The study revealed that hedge funds are increasingly focused on exploiting differences of opinion among board members, as well as their more deliberate decision-making processes, to sway shareholder votes in their favour. In practice, that means “forcing companies up against a wall where decisions have to be made quickly and maybe not in the most ideal way and setting,” says Mark DesJardine, a professor at Dartmouth’s Tuck School of Business in the US.
“It’s very clear that there are a lot of benefits of diverse teams, but there are also hurdles to overcome,” DesJardine added. “They take longer to come to a consensus. They face more communication issues. It takes more time to understand.”

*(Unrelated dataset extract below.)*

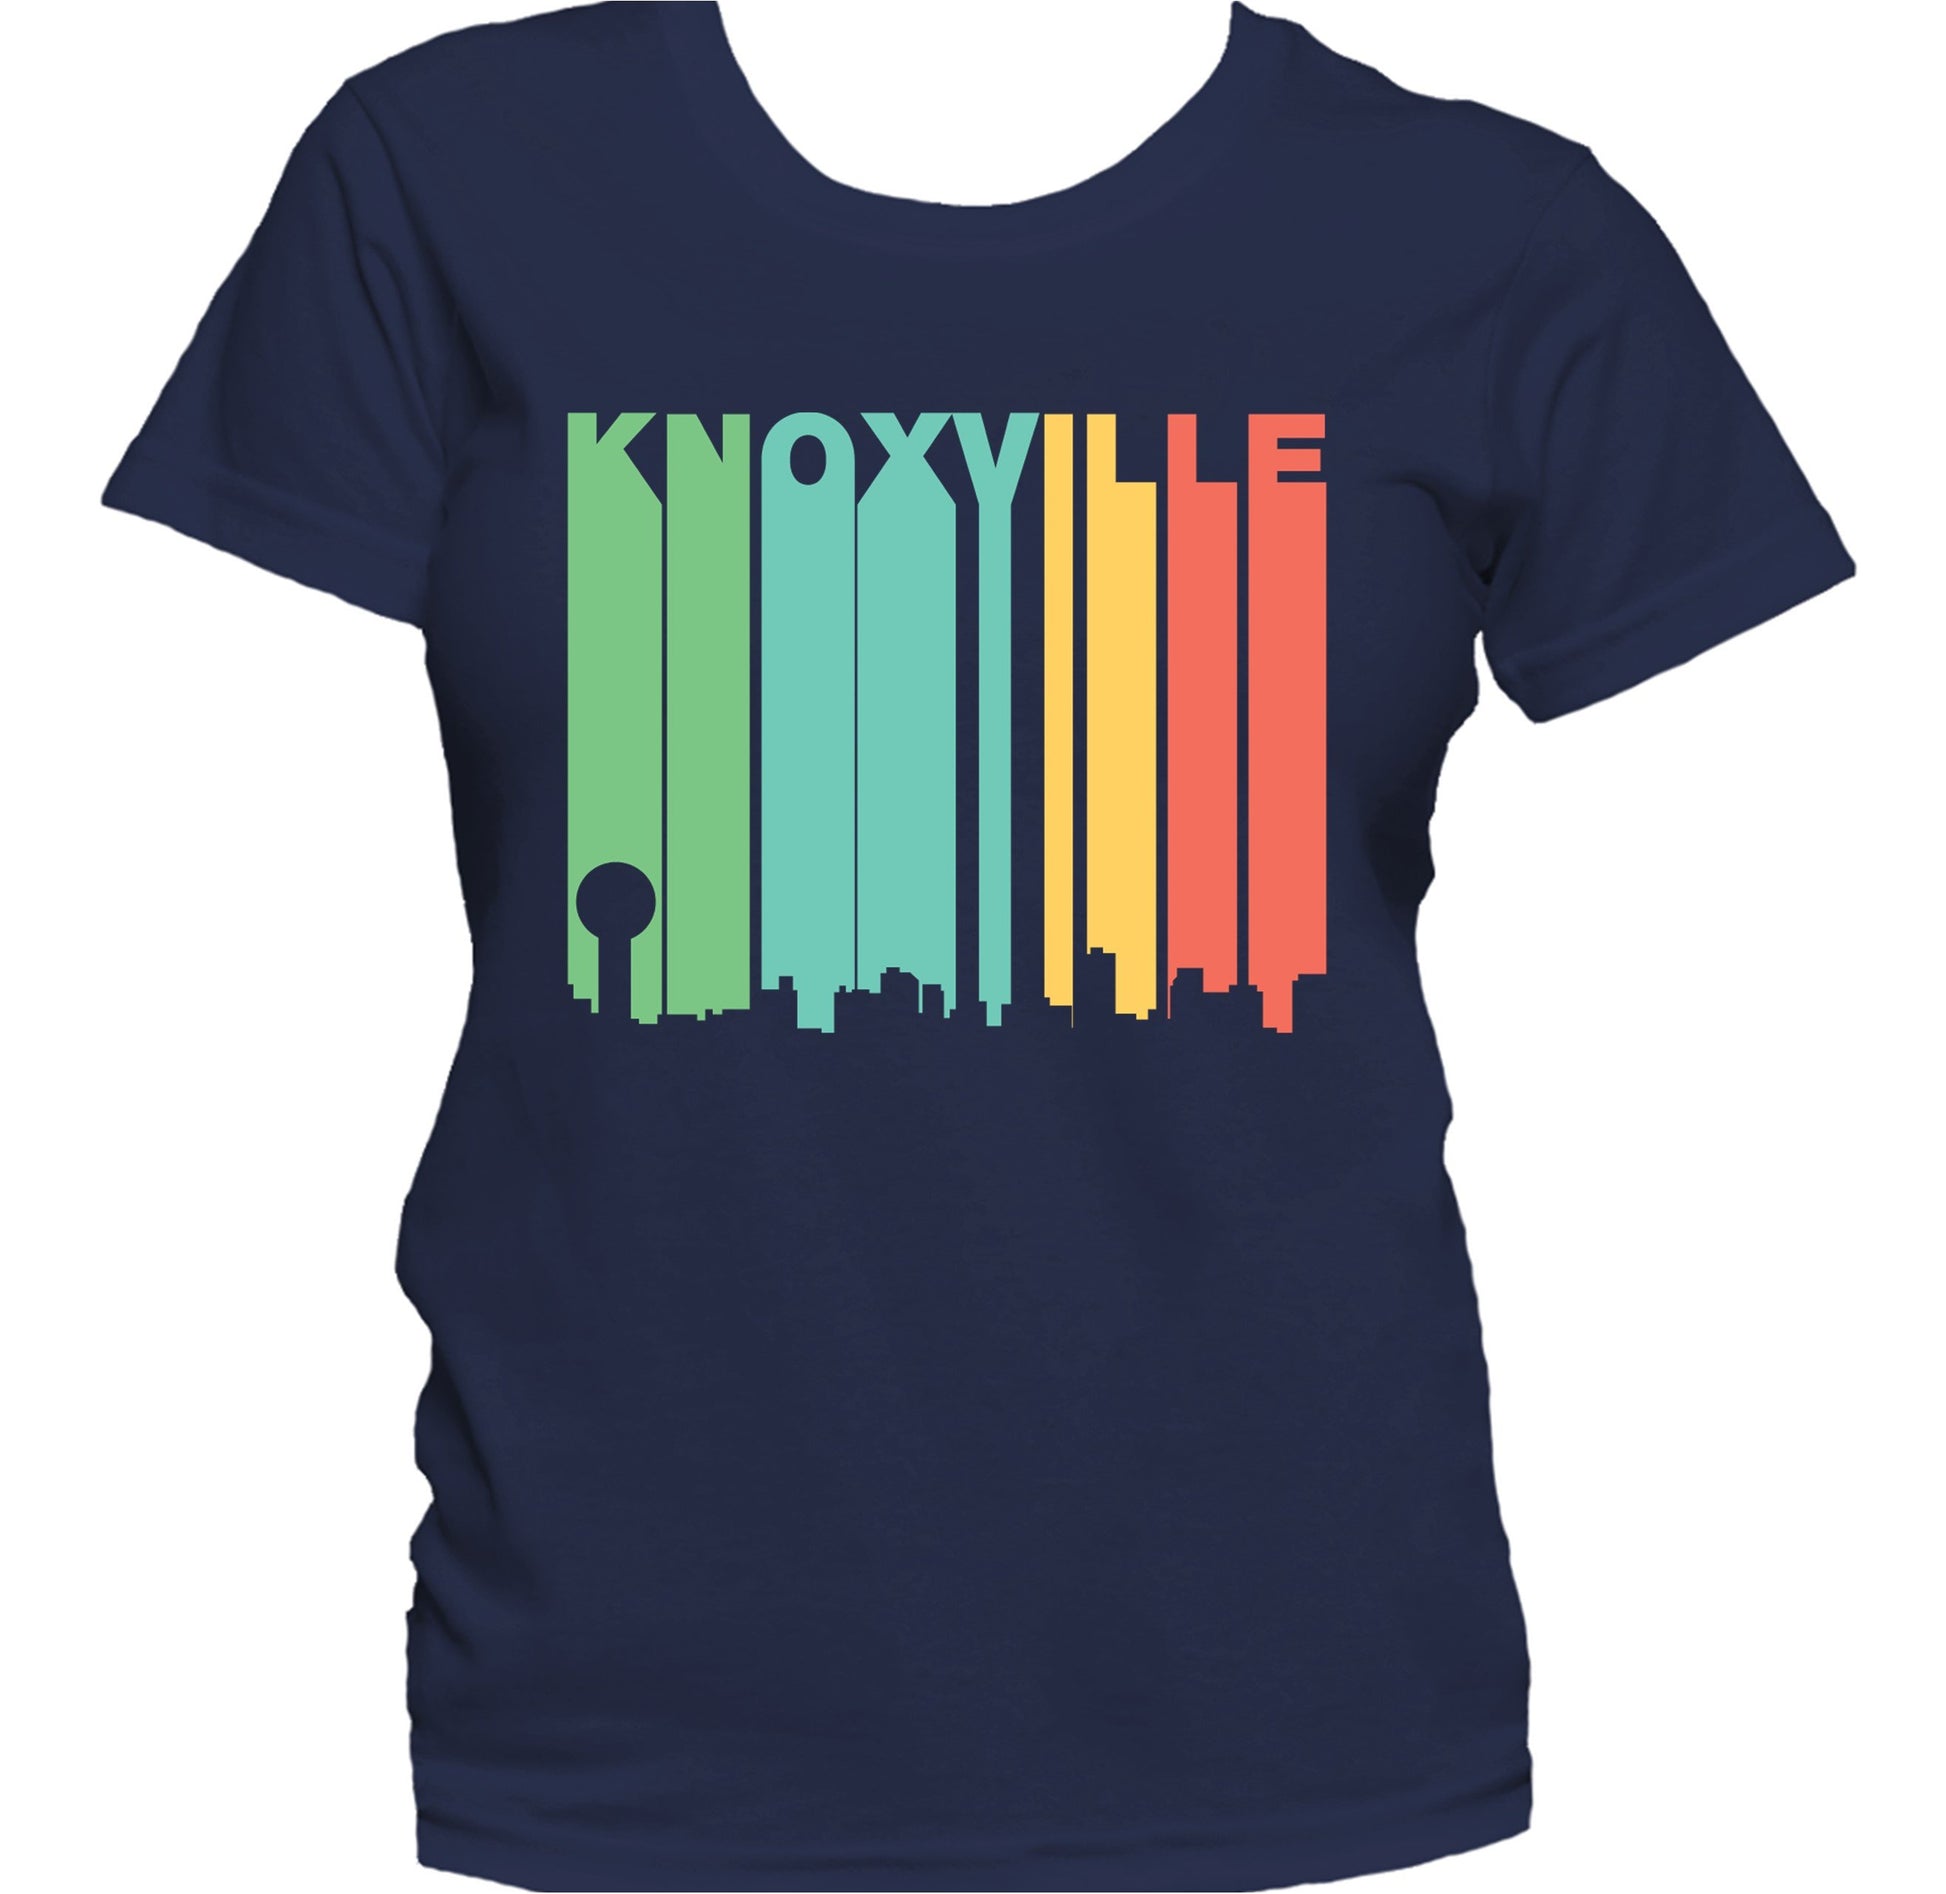 Retro 1970's Style Knoxville Tennessee Skyline Women's T-Shirt

Whether that perception—that diverse boards are weaker, more divided and hence more vulnerable—is given particular resonance by the news that, in the US at least, the process of increasing diversity at boardroom level stalled last year as larger companies focused on recruiting more experienced directors. New research has shown that Fortune 500 companies have, post-Covid, focused more on adding directors with financial expertise and less on changing the composition of boards along gender or ethnic background lines.
The Spencer Stuart study points out the increase in demand for “experienced” directors, with appointments “returning to 2018 levels and reversing several years of decline”. Thirty per cent of new directors appointed in 2023 are active or retired CEOs and 27% have a financial background.
What this says about the diversity agenda is unclear. It may simply be what Julie Daum, leader of Spencer Stuart’s North American board practice, says: “There is a desire to have CEO and CFO experience and there is not as much diversity in those categories currently.”
An optimistic view would be that the diversity race has been run and now previously underrepresented groups have achieved parity. A more jaded eye may see things differently, however, and wonder whether companies are too quick to jettison well intentioned initiatives when the going gets tough?
Into the breach
If cyber security wasn’t already inching its way to the top of the board’s agenda, recent revelations from Capita should give it a bump. The outsourcing giant announced last week that it had suffered a £25m loss from a breach that occurred in May this year, in which “some data was exfiltrated”.
And although the data in question amounted to not even 0.1% of its server estate, Capita’s position as outsourcer of choice to the NHS, MoD, HM Prison Service and many others means this will echo far beyond Capita’s own operations.
Indeed, in the wake of the attack, about 90 organisations reported breaches of personal information held by Capita to the data watchdog: the Information Commissioner’s Office.
As a result of the breach, Capita shares fell by more than 12% in morning trading last week after the release of its results, making it the biggest faller on the FTSE 250. That’s not to mention the earlier-than-planned departure of CEO Jon Lewis—a move that the company denies is linked to the cyber-attack.
Perhaps it is time to put the chief information security officer on the board at last?